Download or read book Drug Metabolism written by Mino R. Caira and published by Springer Science & Business Media. This book was released on 2006-07-10 with total page 431 pages. Available in PDF, EPUB and Kindle. Book excerpt: Drug Metabolism: Current Concepts provides a comprehensive understanding of the processes that take place following ingestion of a medicinal agent or xenobiotic, with an emphasis on the crucial role of metabolism (biotransformation). How a sound knowledge of these phenomena is incorporated into the design of effective new drug candidates is also explained.

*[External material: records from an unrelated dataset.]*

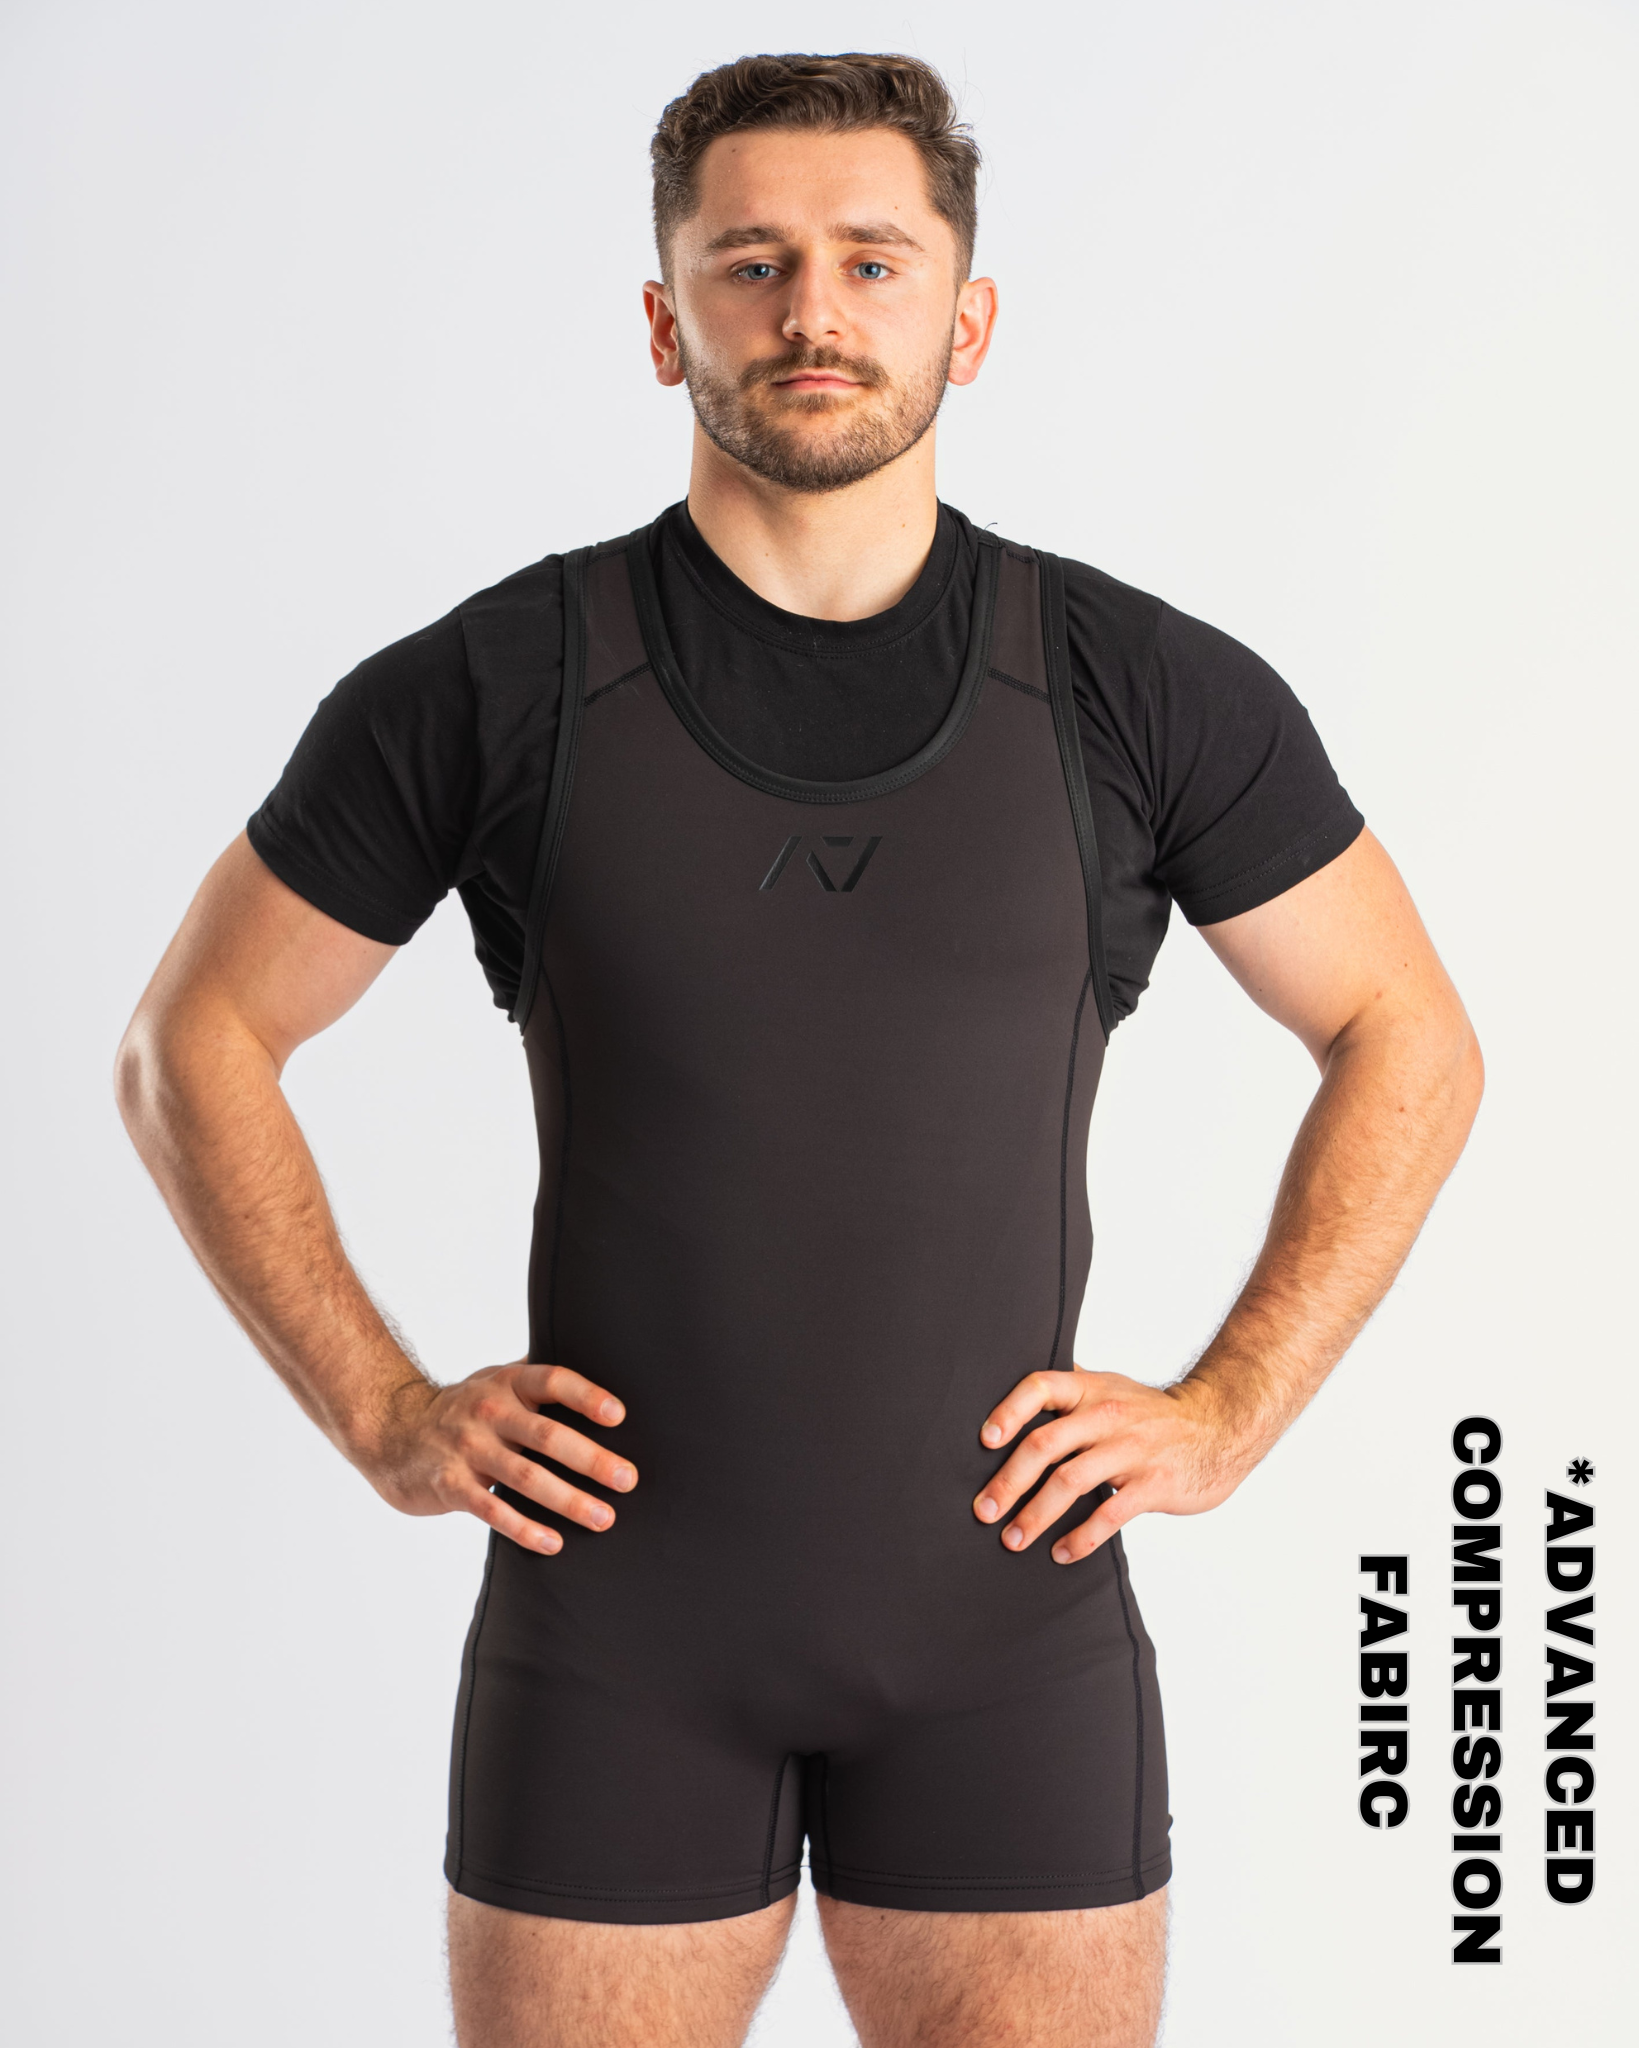 Our IPF APPROVED Rausch Singlets are designed to support the strength and power of an lifter.  A racerback design with advanced compression fabric provides powerlifters ultimate support whilst on the platform. IPF Approved Kit includes Rausch Powerlifting Singlet, A7 Meet Shirt, A7 Zebra Wrist Wraps, A7 Deadlift Socks, Hourglass Knee Sleeves (Stiff Knee Sleeves and Rigor Mortis Knee Sleeves). Genouill�res powerlifting shipping to France, Spain, Ireland, Germany, Italy, Sweden and EU.
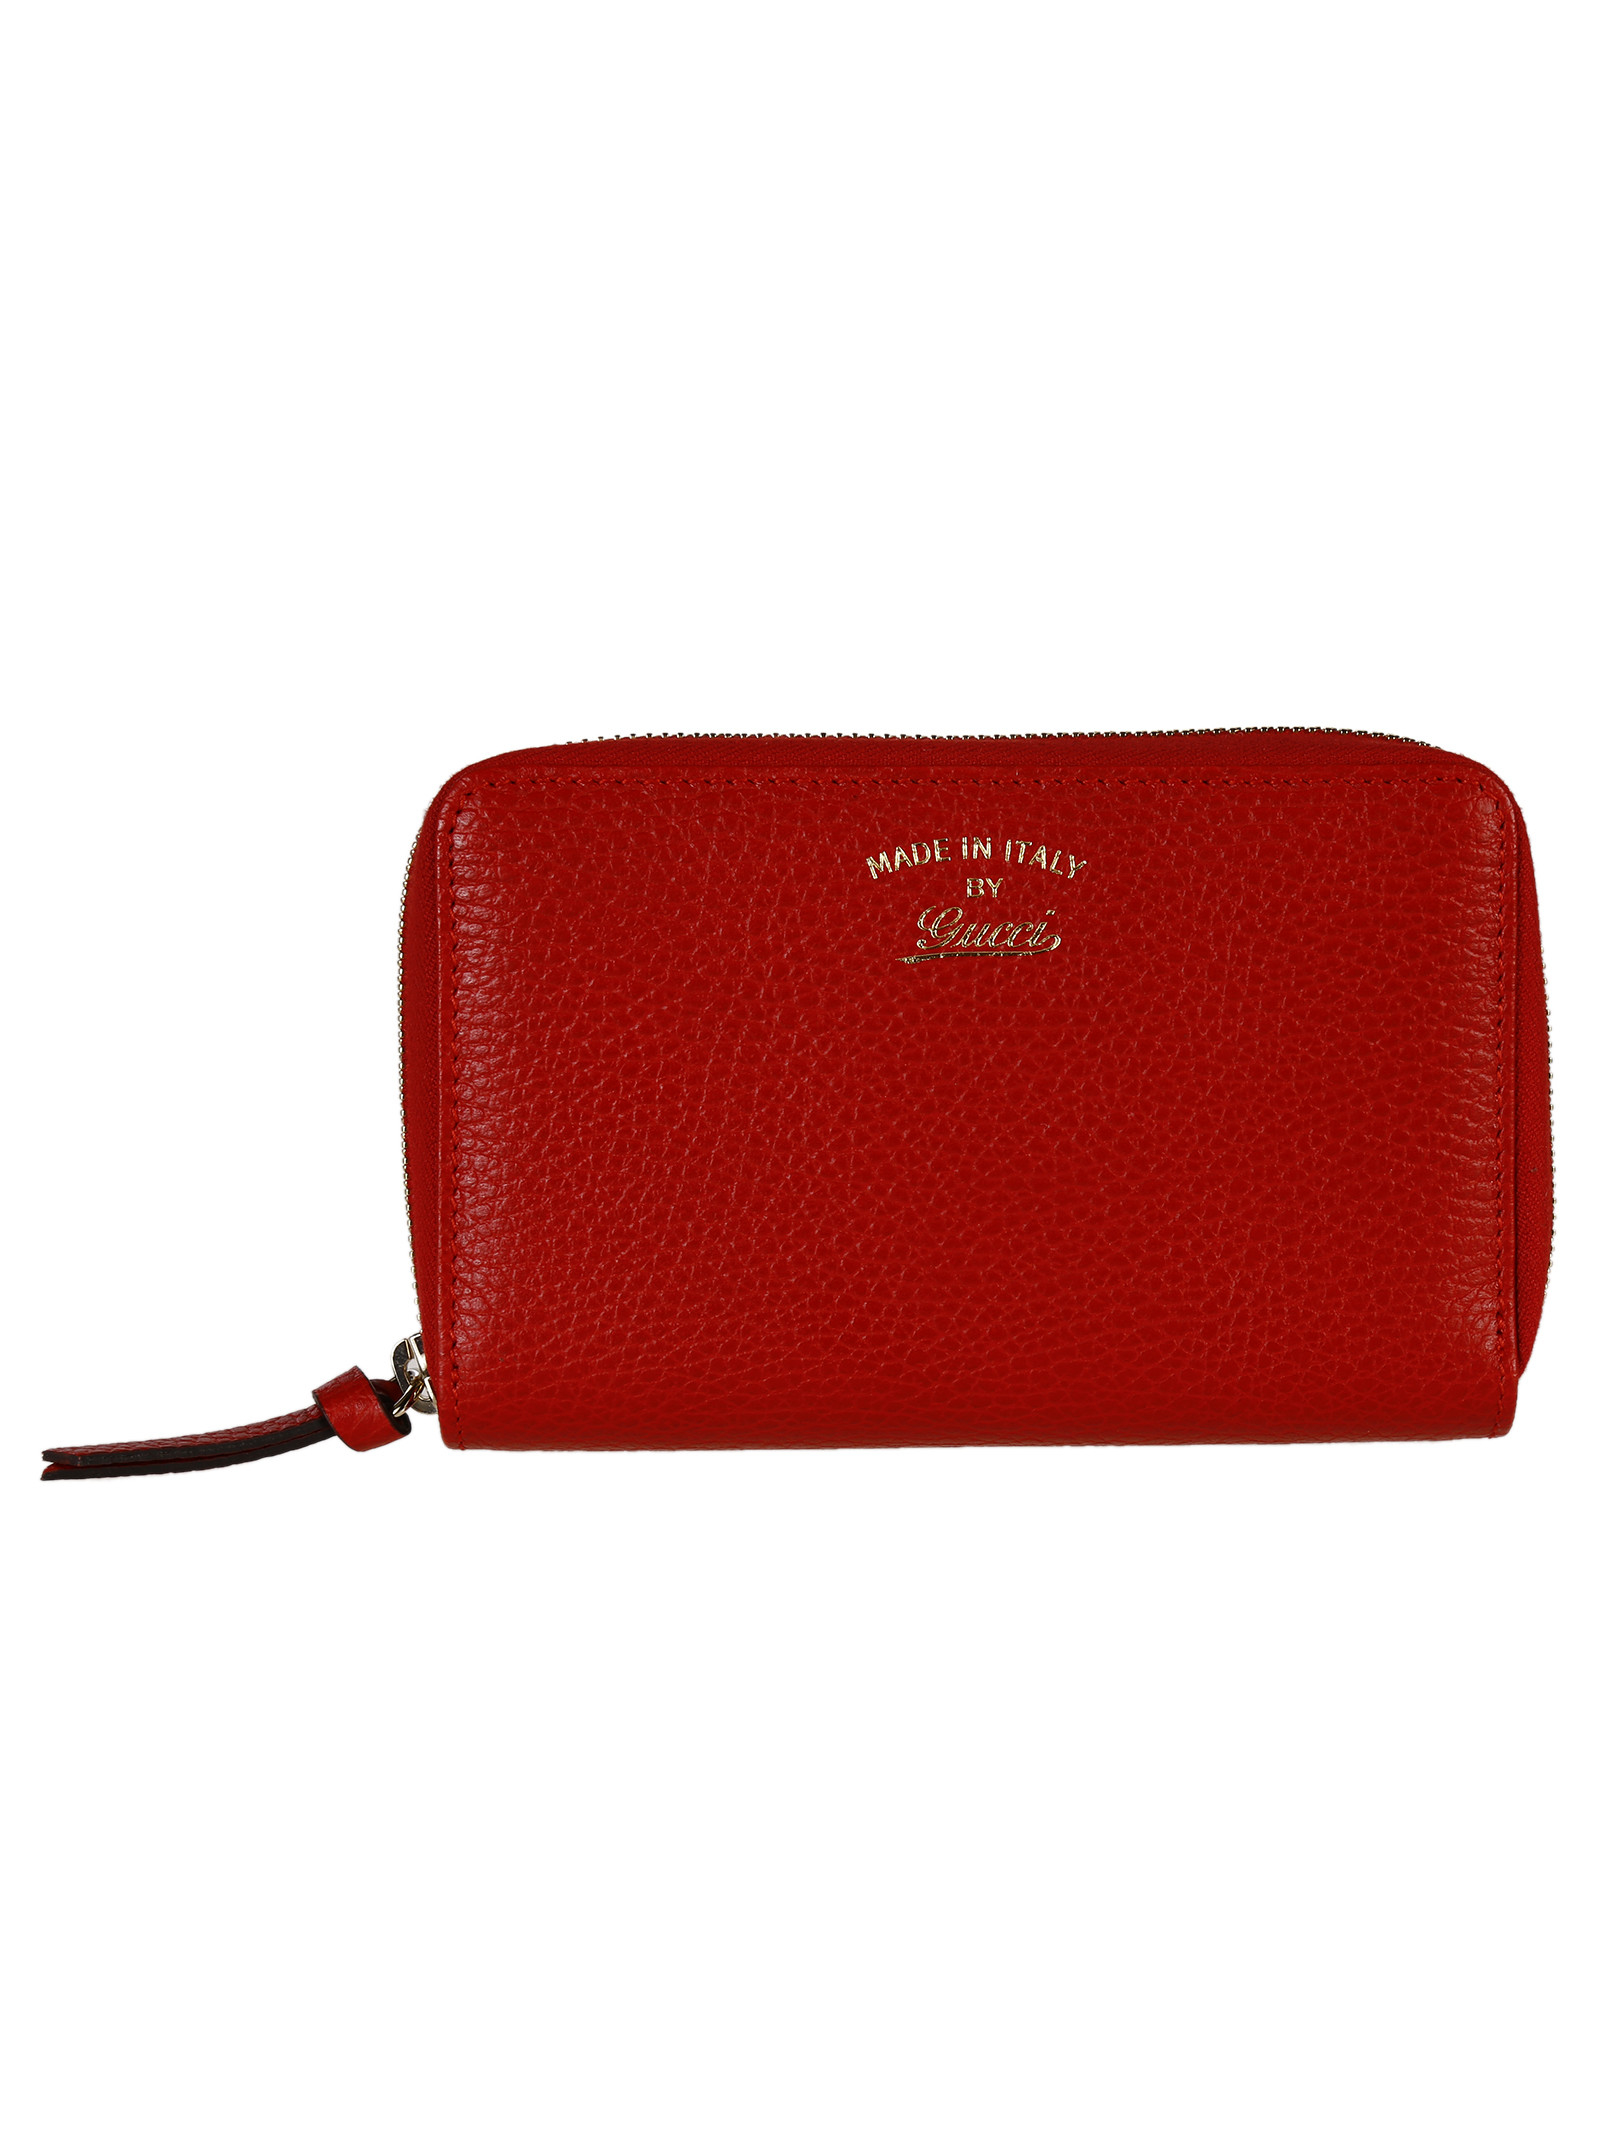 Gucci Leather Zip Around Wallet in Red | Lyst
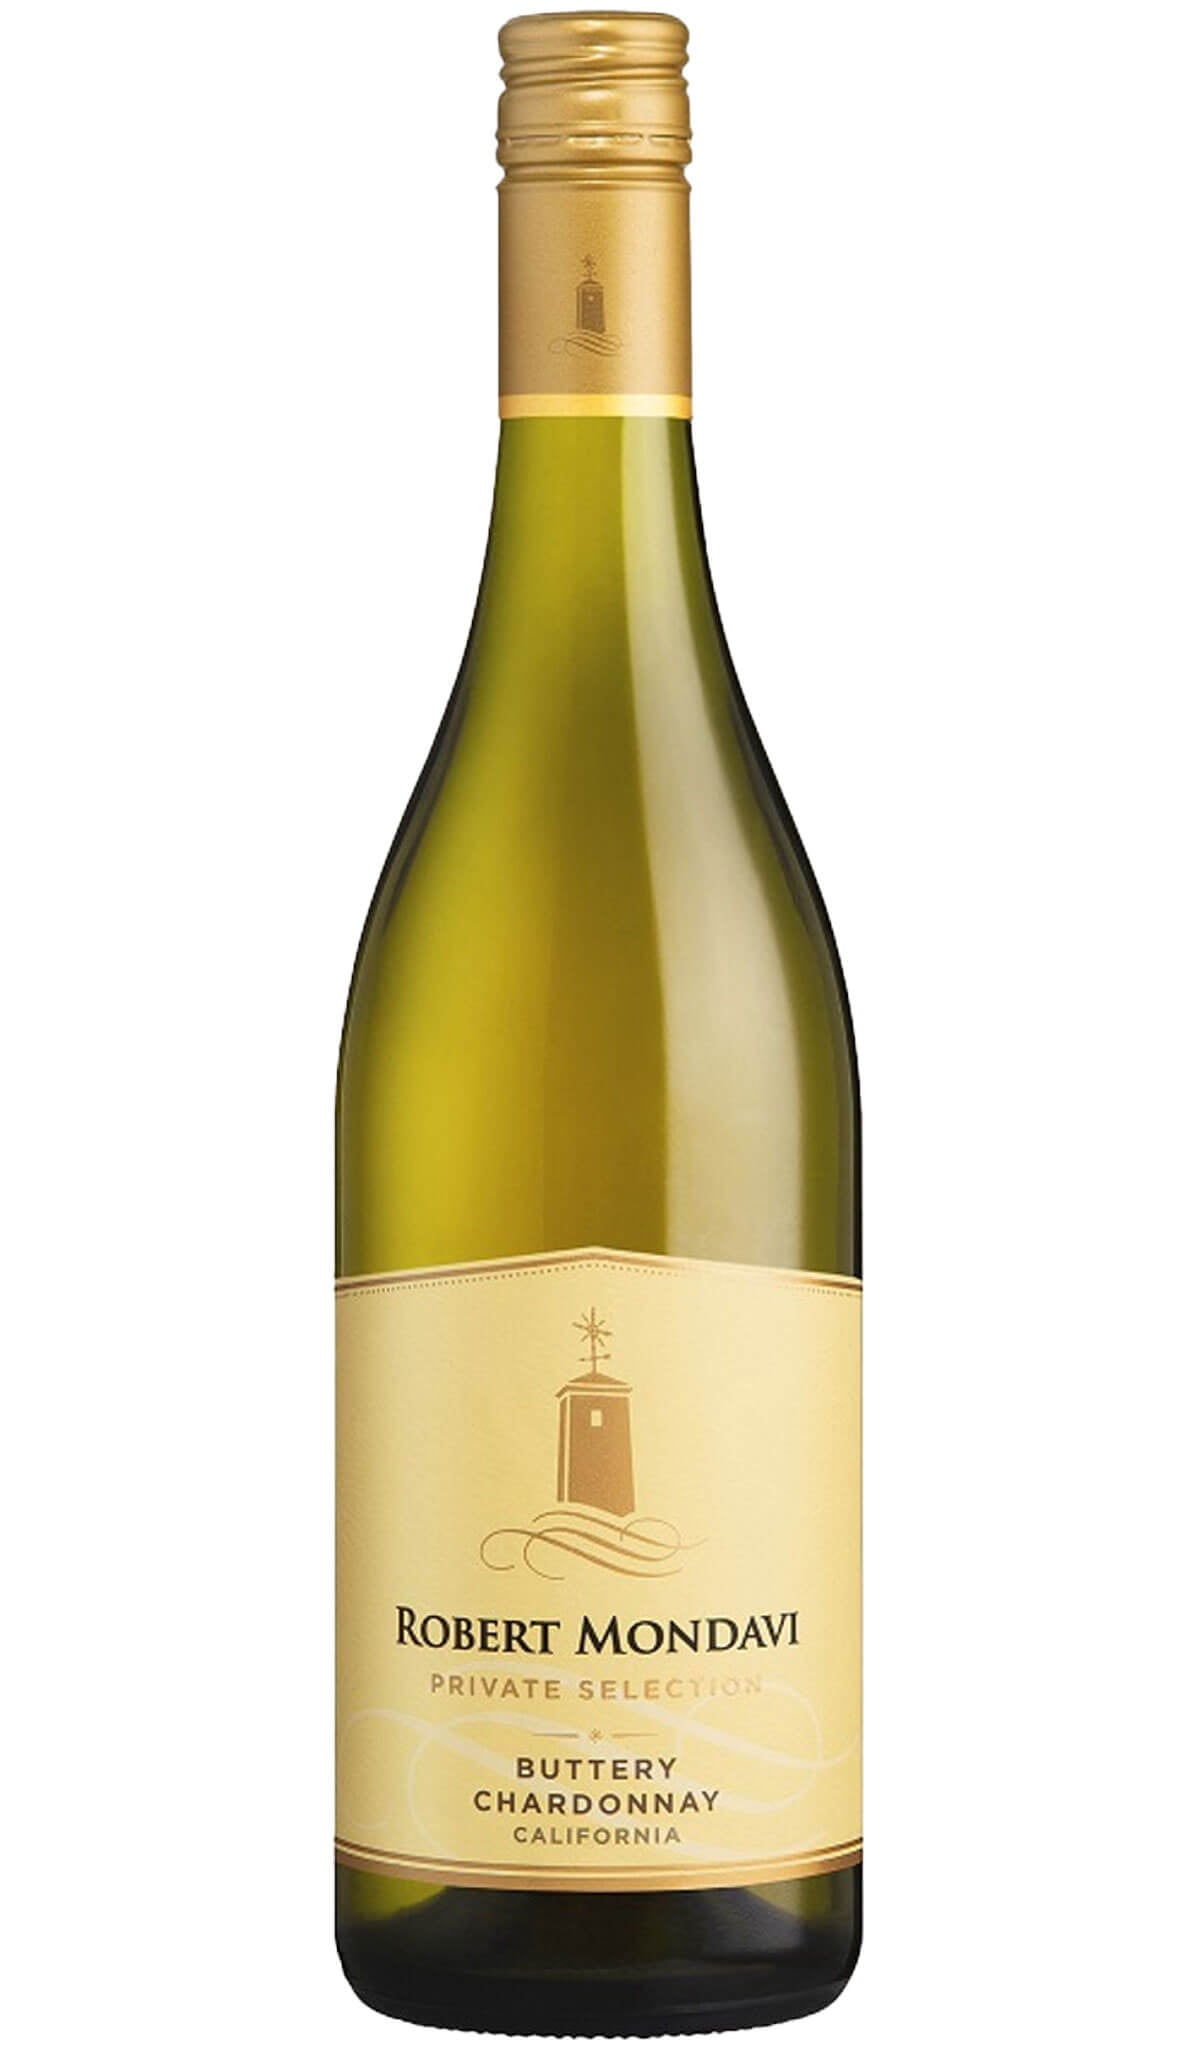 Find out more, explore the range and buy Robert Mondavi Buttery Chardonnay 2022 (California, USA) available online at Wine Sellers Direct - Australia's independent liquor specialists.

The user-friendly text focuses on concepts rather than extraneous details and is supported by many illustrated examples of biotransformations as well as frequent references to current critical reviews and articles highlighting the nature of research objectives in this vibrant area of medicinal development. The final topic on strategies for drug design relies on the background provided by the rest of the book. This book is ideally suited as an advanced text for courses in drug metabolism for students of medicine, pharmacy, pharmacology, biochemistry; and for courses in drug design and drug delivery for students of medicinal chemistry. It is also appropriate for professional seminars or courses that relate to the fate of a drug in the body, drug interactions, adverse reactions and drug design.